Balcárcel se daba pequeños golpes sobre el vientre y apretaba los labios. Su mirada, entre irónica y ultrajada, esperaba a que el hecho se hundiese bien en la conciencia de Asunción. La mujer se desprendió de la cortina y caminó sin apoyo hasta el centro de la recámara. —El diablo se le ha metido en el cuerpo— murmuró.

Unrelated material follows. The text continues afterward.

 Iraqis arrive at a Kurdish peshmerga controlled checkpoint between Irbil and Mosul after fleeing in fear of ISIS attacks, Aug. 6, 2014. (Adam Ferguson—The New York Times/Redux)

—Te prohíbo que hagas un drama de todo esto. —En el rostro bilioso del tío se dibujaba la satisfacción que le producía su actitud—. Ni tú ni Rodolfo verán al muchacho hasta que mejore y yo lo lleve personalmente con el padre Obregón. Después le hablaré con toda claridad. Decididamente, no será con buenos sentimientos como salvemos a este atarantado, sino con energía y haciéndole comprender que tiene un destino que cumplir. Entiéndeme bien, Asunción: los ahorros que con tanto esfuerzo he hecho me permitirán retirarme el año entrante. Una vez que adquiera la manzana frente a la presa de la Olla, tendremos una fortuna de más de un millón de pesos y una renta mensual de diez mil pesos. Tu hermano nos dejará esta casa cuando muera, y el almacén puede modernizarse y rendir más. Es decir, que un buen día Jaime podrá vivir holgadamente si sabe aprovechar, como único heredero de nuestra familia, la oportunidad que le ofrecemos. Somos lo mejor de Guanajuato, Asunción. No podemos exponernos a que nuestra estirpe se extinga y nuestra fortuna se dilapide con las locuras de este jovencito… Éste… éste sería muy capaz de repartirlo todo entre los mendigos.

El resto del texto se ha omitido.